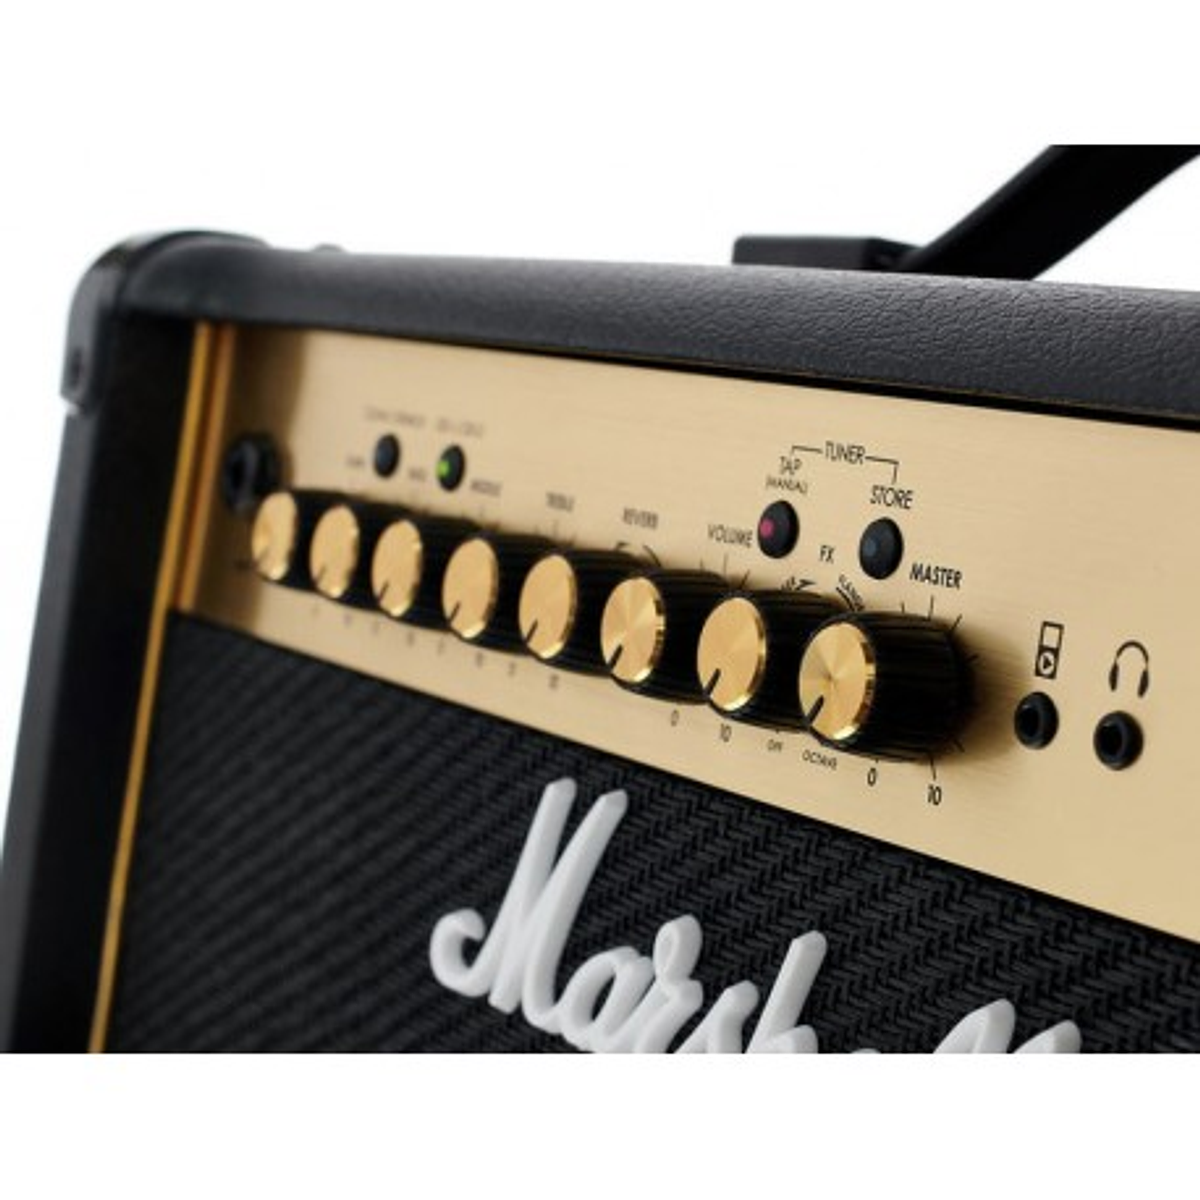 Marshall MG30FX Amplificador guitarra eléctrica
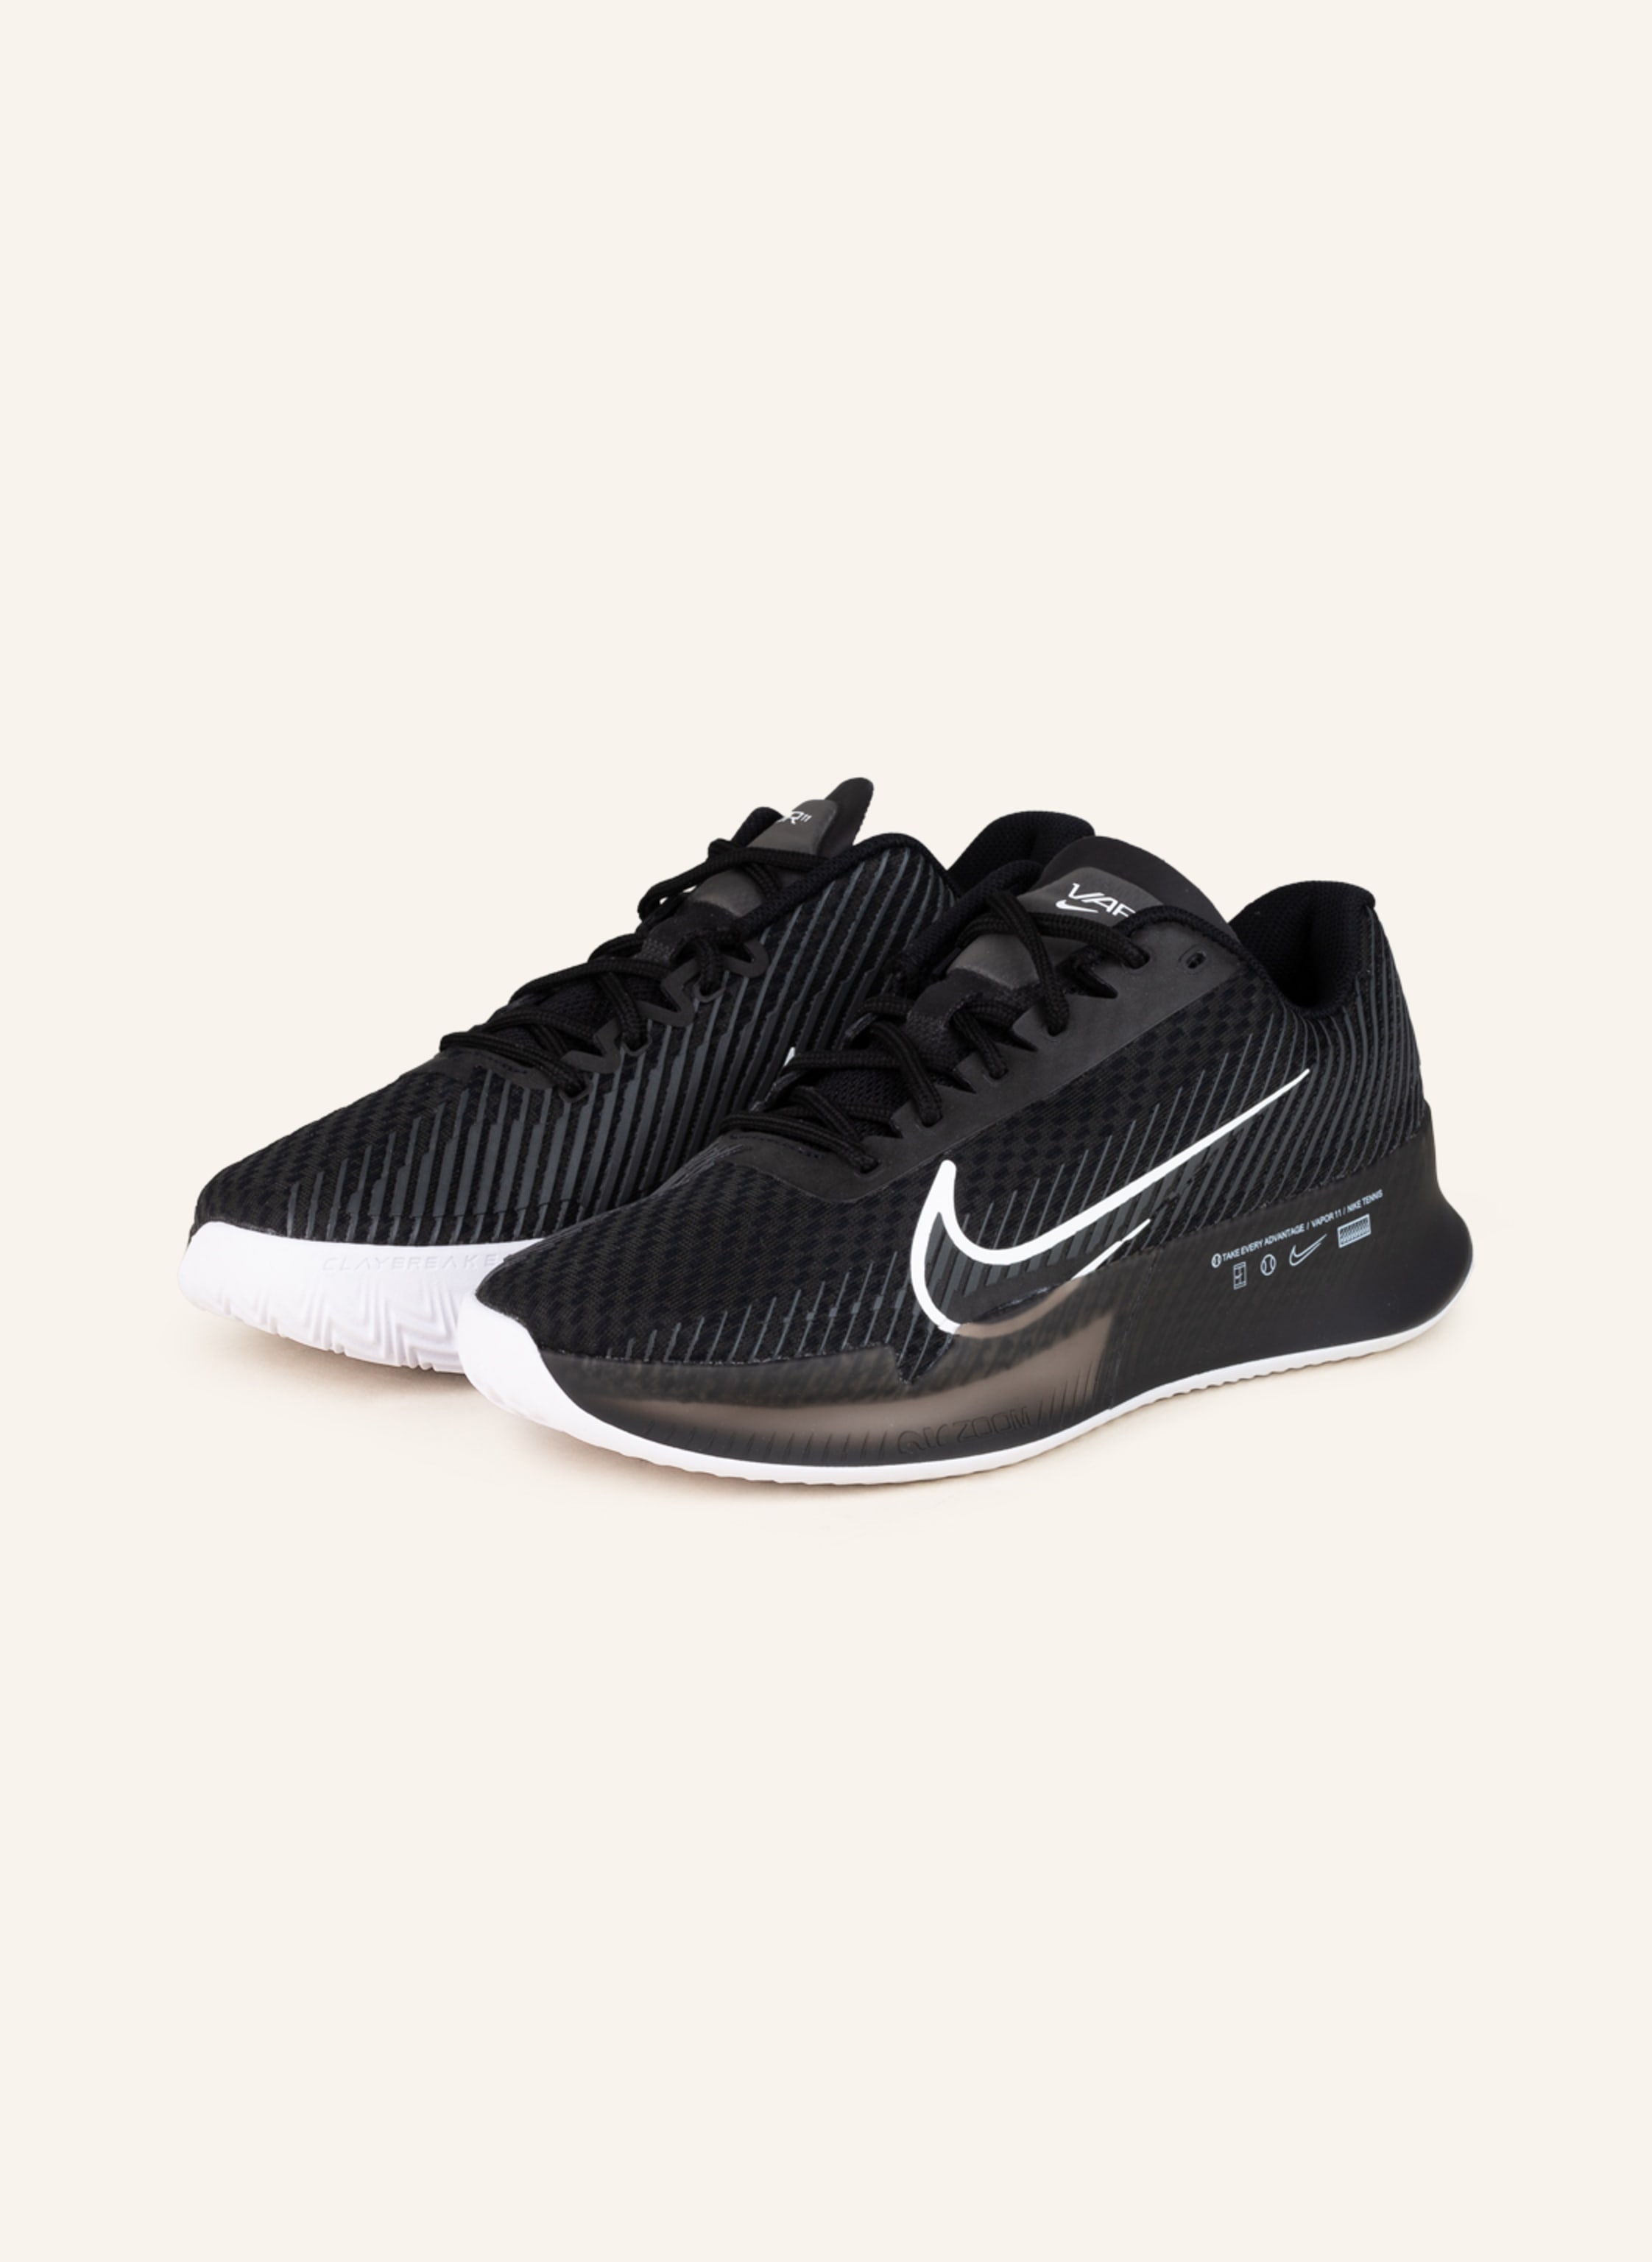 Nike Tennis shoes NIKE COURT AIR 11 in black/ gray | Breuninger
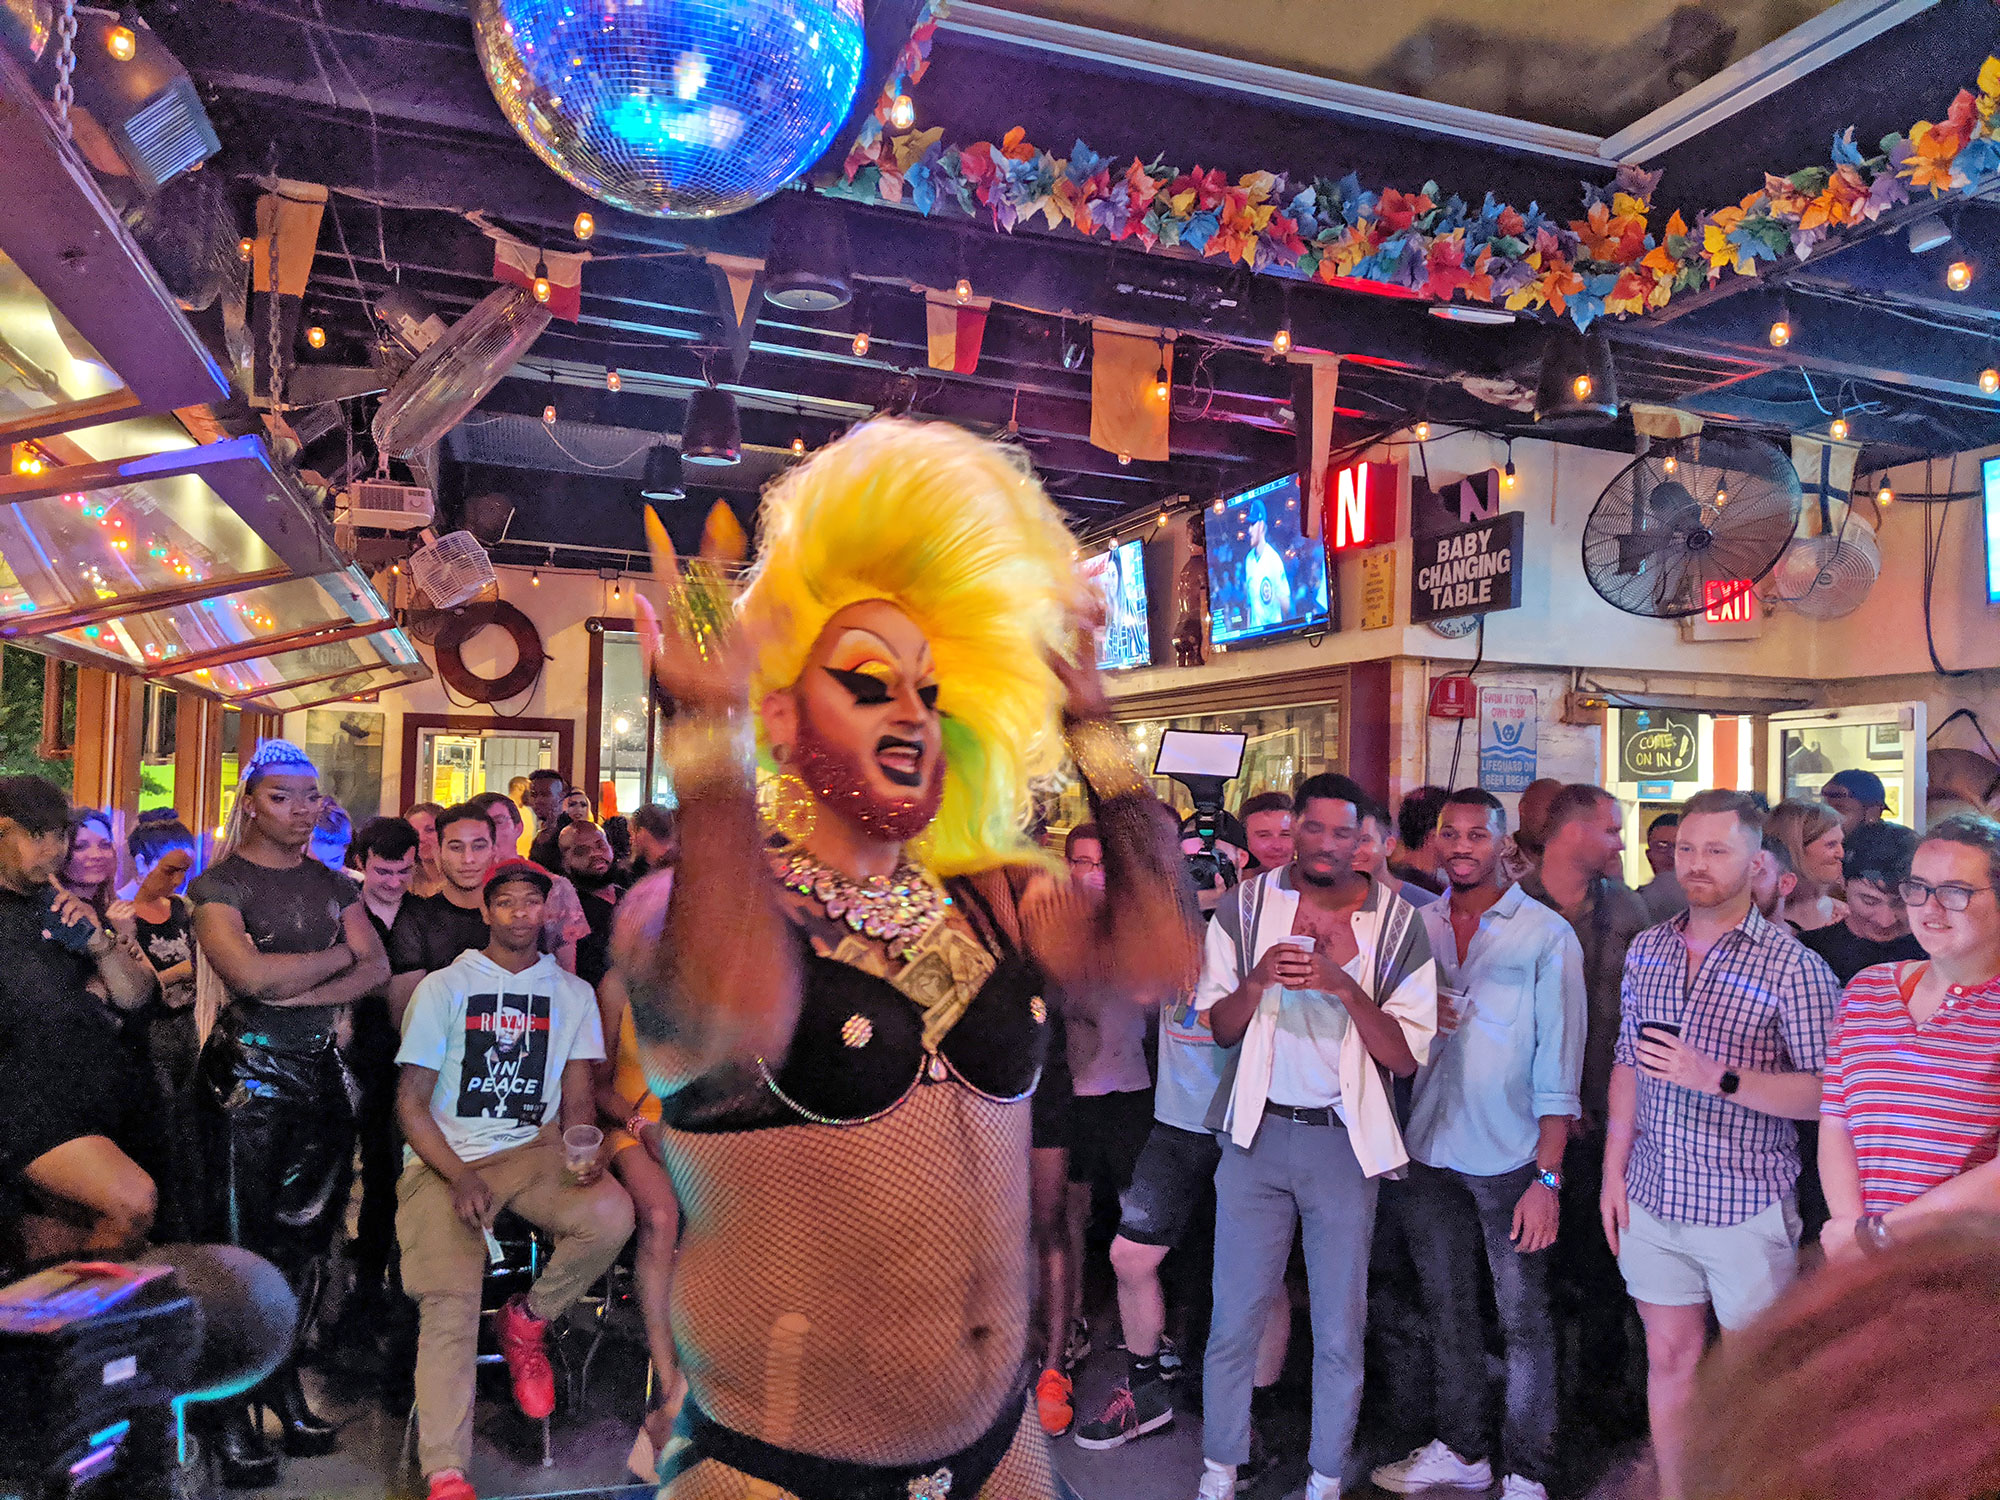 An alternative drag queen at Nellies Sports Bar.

■ ■ ■ ■

» **What you should do**
Repeat the lines above exactly, and keep every picture out.

» **Task answer**
 Marshall MG30FX Amplificador guitarra eléctrica
 Nike Tennis shoes NIKE COURT AIR 11 in black/ gray | Breuninger
 An alternative drag queen at Nellies Sports Bar.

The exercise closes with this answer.